A fairy tale scene, surely, but that brings me to the somewhat enigmatic position of Dr. Dean Brooks in this whole affair. Dr. Brooks is the superintendent of the Oregon State Hospital at Salem, where the film was made. Not only did he make his facilities available for shooting the picture, with members of the staff serving as technical consultants and a great many of the patients on the payroll as background actors, but he himself plays Dr. Spivey, the fictional hospital superintendent, a man of good will whose innocence (probably reinforced by laziness) traps him into thinking Ratched the finest nurse on his staff and McMurphy’s manifestly phony nuttiness a possibly genuine mania.

Presumably Dr. Brooks was not seduced by visions of a film career (in fact, he is a rather colorless actor), so he must have been willing to let his institution become associated in the public mind with indifference, stupidity and terrible cruelty in the care of the mentally sick because he thinks those conditions so prevalent that they must at any cost be advertised though the medium of a highly romantic and potentially very popular film. In short, that what Ratched is meant to represent (and Louise Fletcher plays her with, blood-chilling credibility) is real.

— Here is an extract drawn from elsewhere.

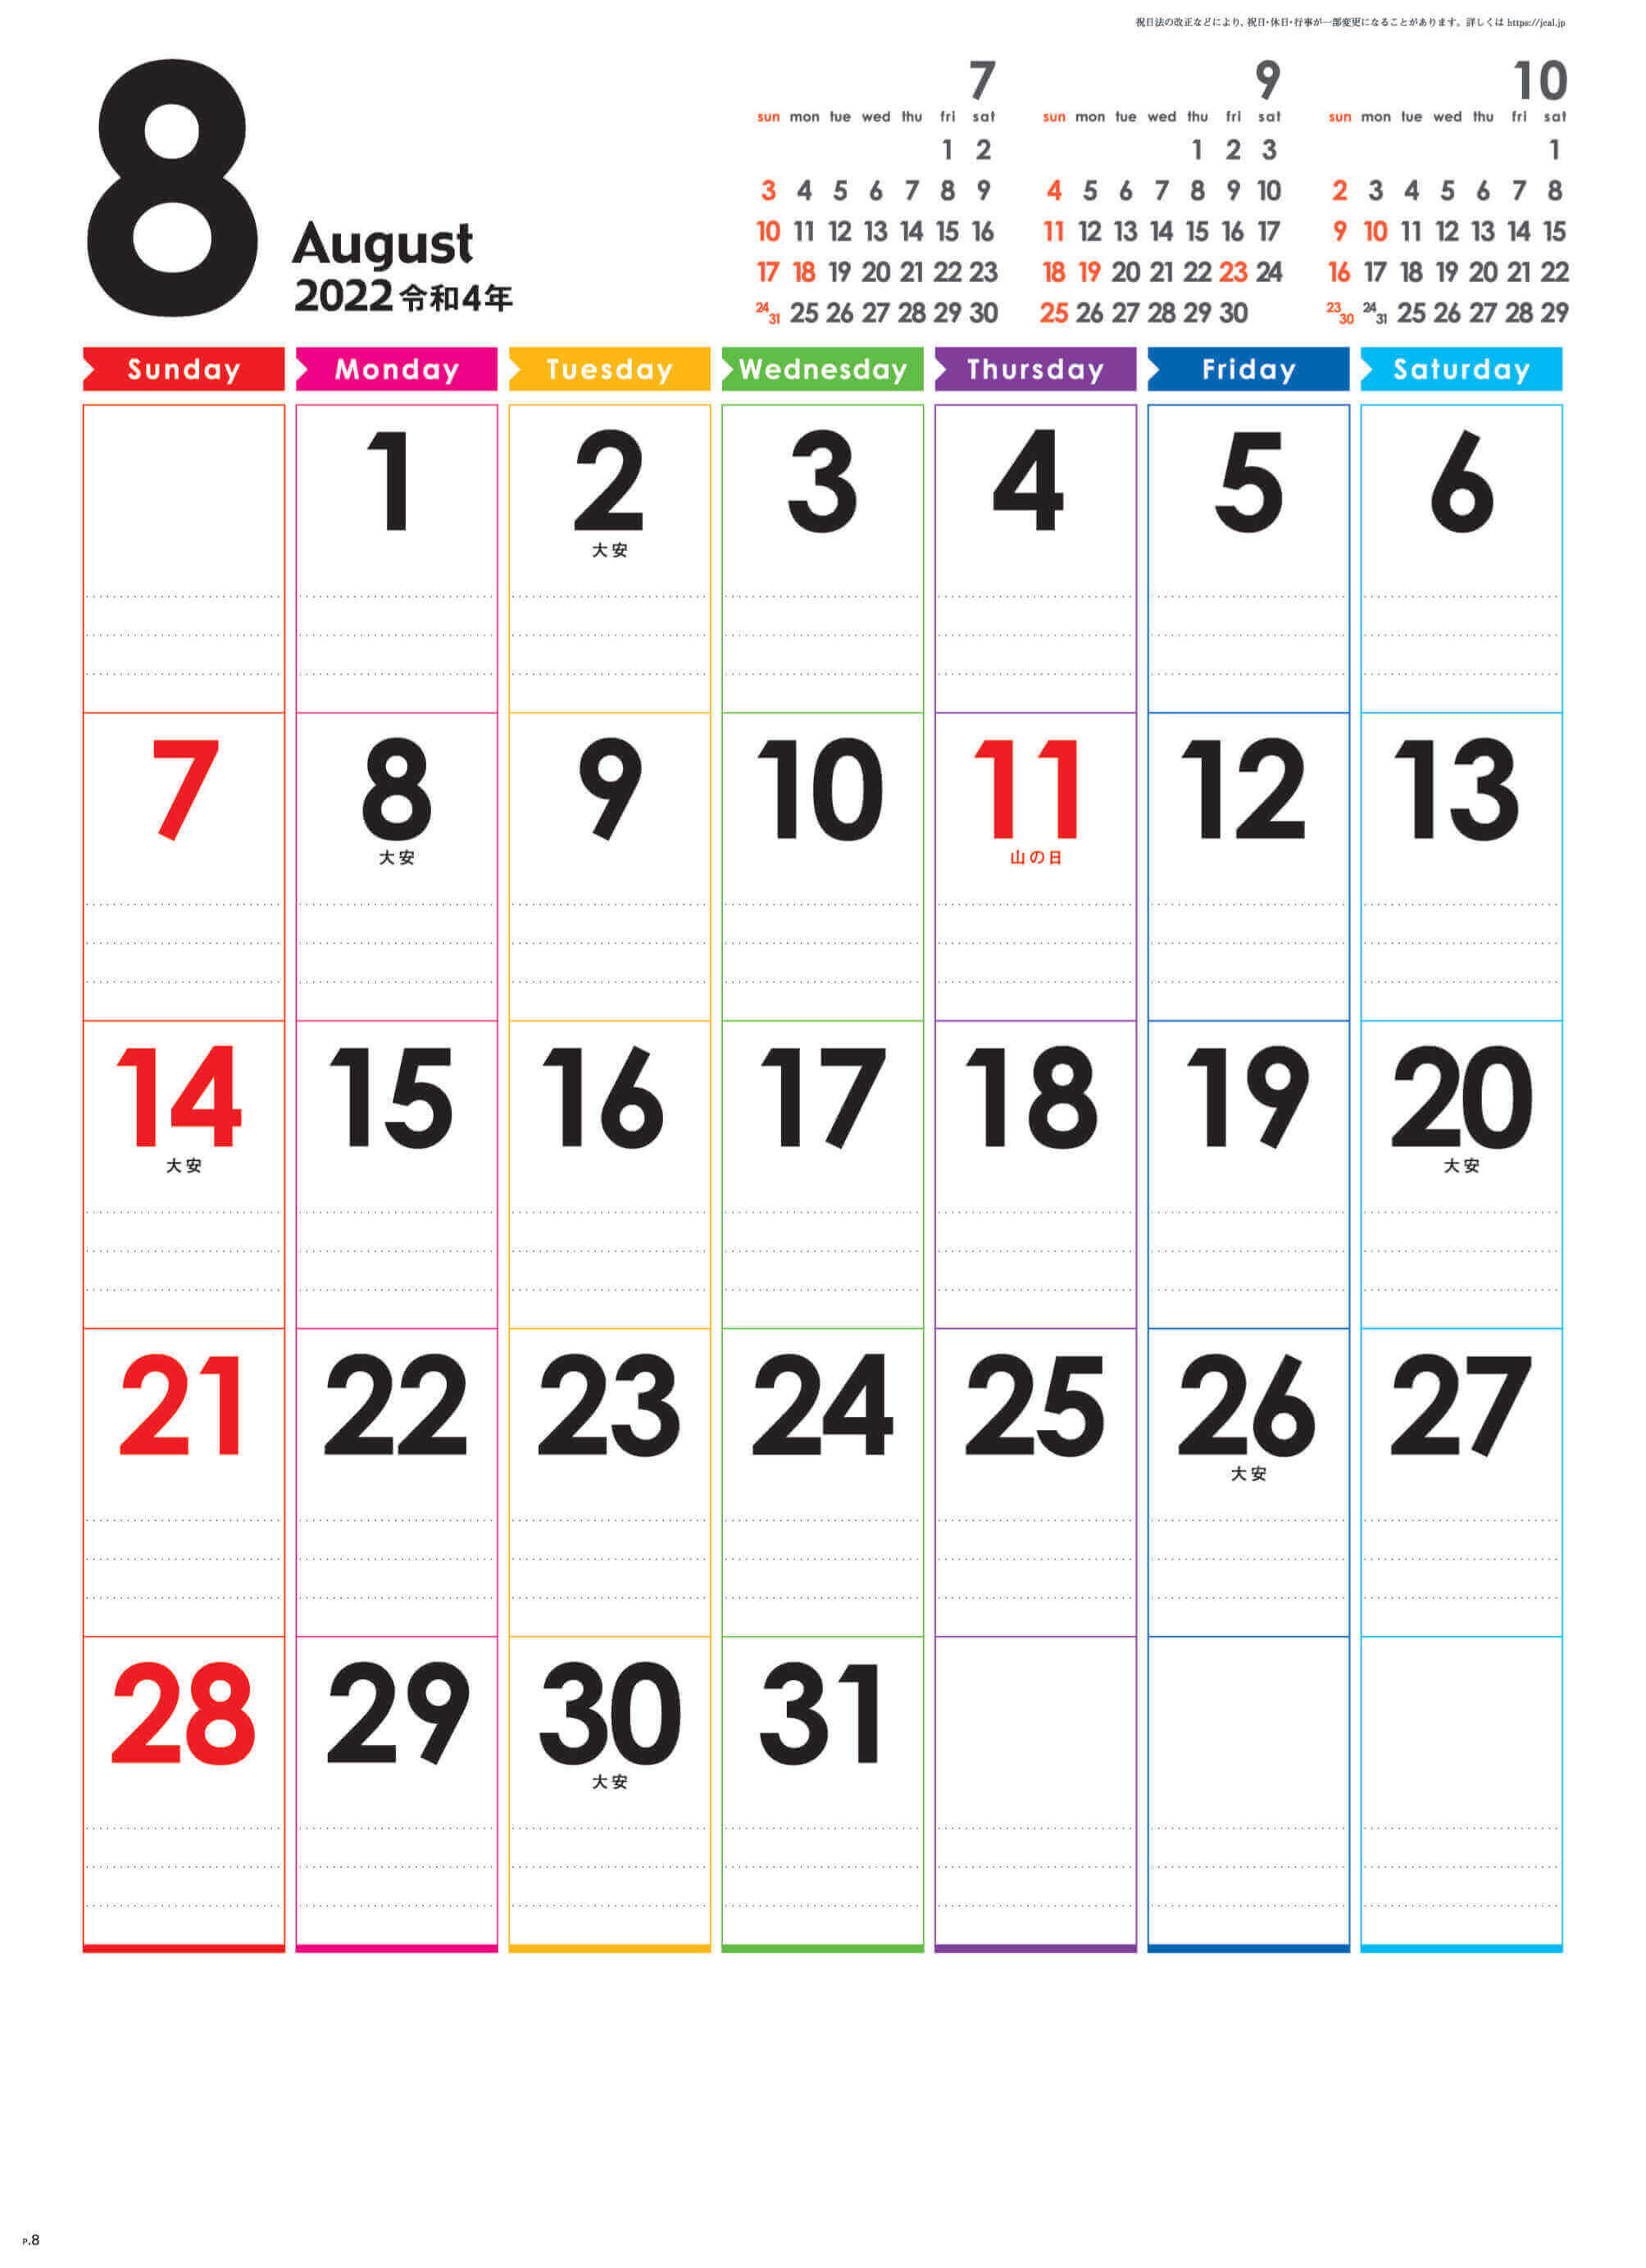  レインボーカレンダー 2022年カレンダーの画像

But on this, you might say, social ground, One Flew Over the Cuckoo’s Nest (or at least the film version) is less than satisfactory. Forman’s superb dance of fools, led by the superb Nicholson in the guise of the far from foolish but fatally overconfident McMurphy, leads to nothing beyond its immediate and entirely justifiable goal of superior crowd pleaser. It’s impossible not to whoop it up for the Cuckoo’s Nest while watching it, but afterwards, what is one to think? Our mental hospitals may well be callous custodial barracks for social misfits, but this movie centers on a certifiable monster, and the case is too extreme to exemplify the problem. Indeed, except for her, this looks to be a decent, useful hospital. True, McMurphy is subjected to a lobotomy, but the story is set some years back when lobotomies still had some clinical respectability as a way to control violent behavior, and McMurphy had come within seconds of strangling Ratched to death. And when you try to apply the film as a tract denouncing the general state of contemporary mental care, you come up against the fairy tale details and realize that this case will never stand up in court. Ratched is a witch and her patients are babes in the woods: you can’t use that to attack the serious shortcomings of our hospitals for the mentally sick.

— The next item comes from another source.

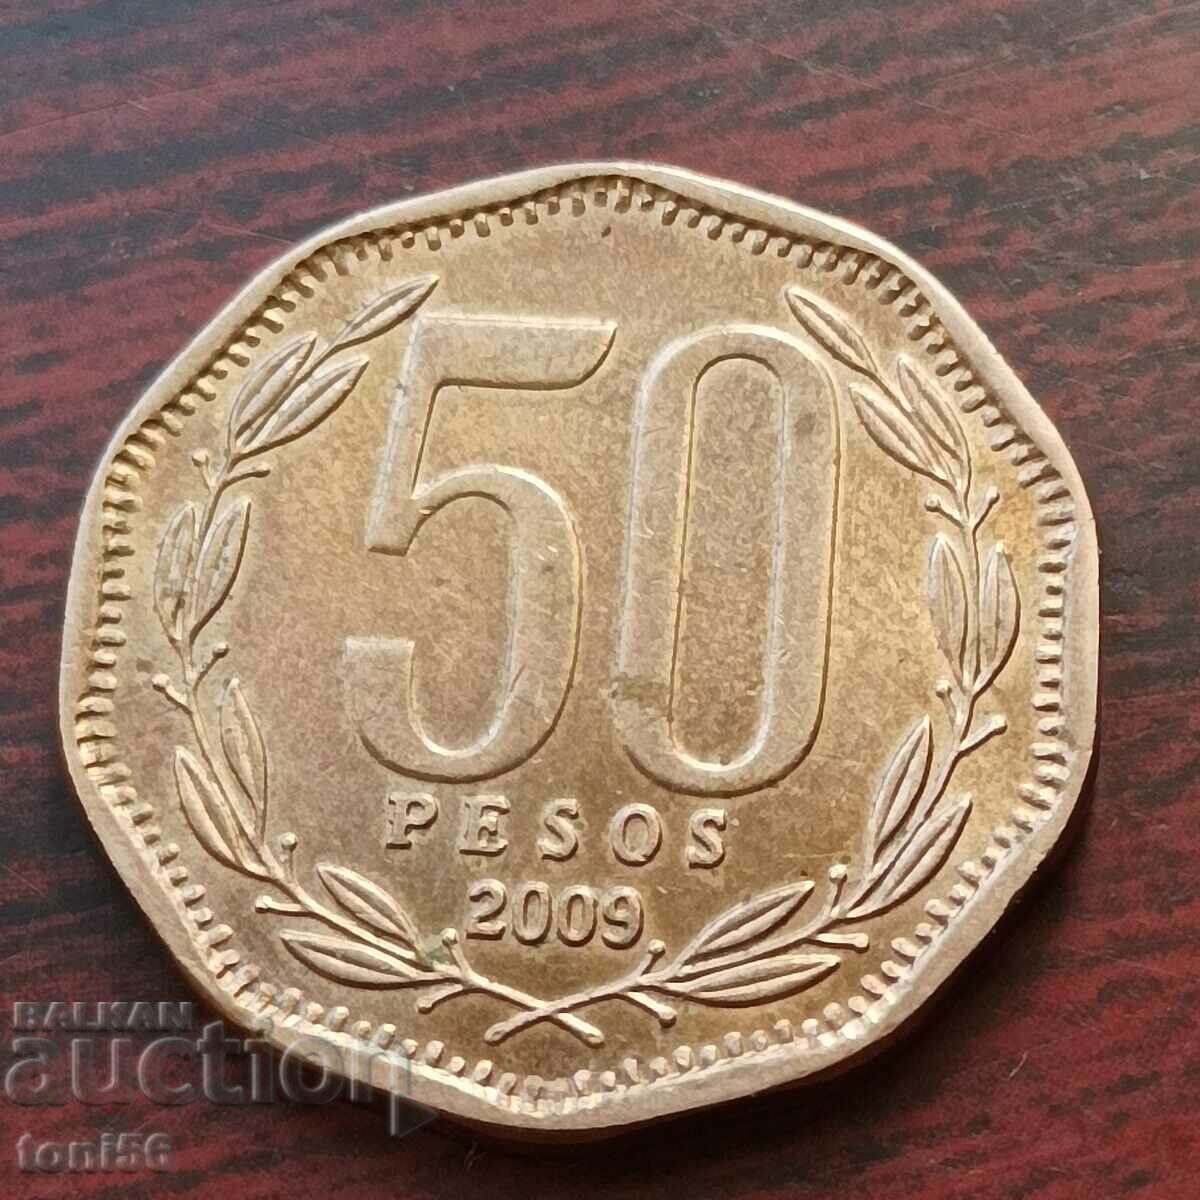 Chile 50 pesos 2009 - see description

It is also being said that, “on another level,” One Flew Over the Cuckoo’s Nest symbolizes the struggle of the individual against “the system.” Maybe so, but the same can be said of Romeo and Juliet, David Copperfield and Alice in Wonderland. The conflict between man and society is primal, and it is almost a tautology to say that a work of fiction symbolizes it.

So, although I’m left a bit puzzled as to Dr. Brooks’s motives, I’ve decided that I enjoyed the picture because it is an action romance, worked out in wonderfully inventive detail and presented with mesmeric immediacy by one of the screen’s most resourceful directors, who on this occasion had not only a smart and energetic cast but also ideal working conditions for his project. As a final example of entertainment pleasures, in the friendship between McMurphy and Chief Bromden (Will Sampson), a gigantic “deaf-and-dumb” Indian with the ears of a lynx and the poetic fatalism so often ascribed to his race, Cuckoo’s Nest offers the most appealing instance of manly love since Steinbeck broke our hearts with the similarly incongruous George and Lennie in Of Mice and Men. Sampson, by the way, is not a professional actor but a painter, vice president of the Oklahoma Art Guild and a teacher and lecturer. If anyone could steal a scene from Jack Nicholson, Sampson is the man. But I don’t really believe anyone could.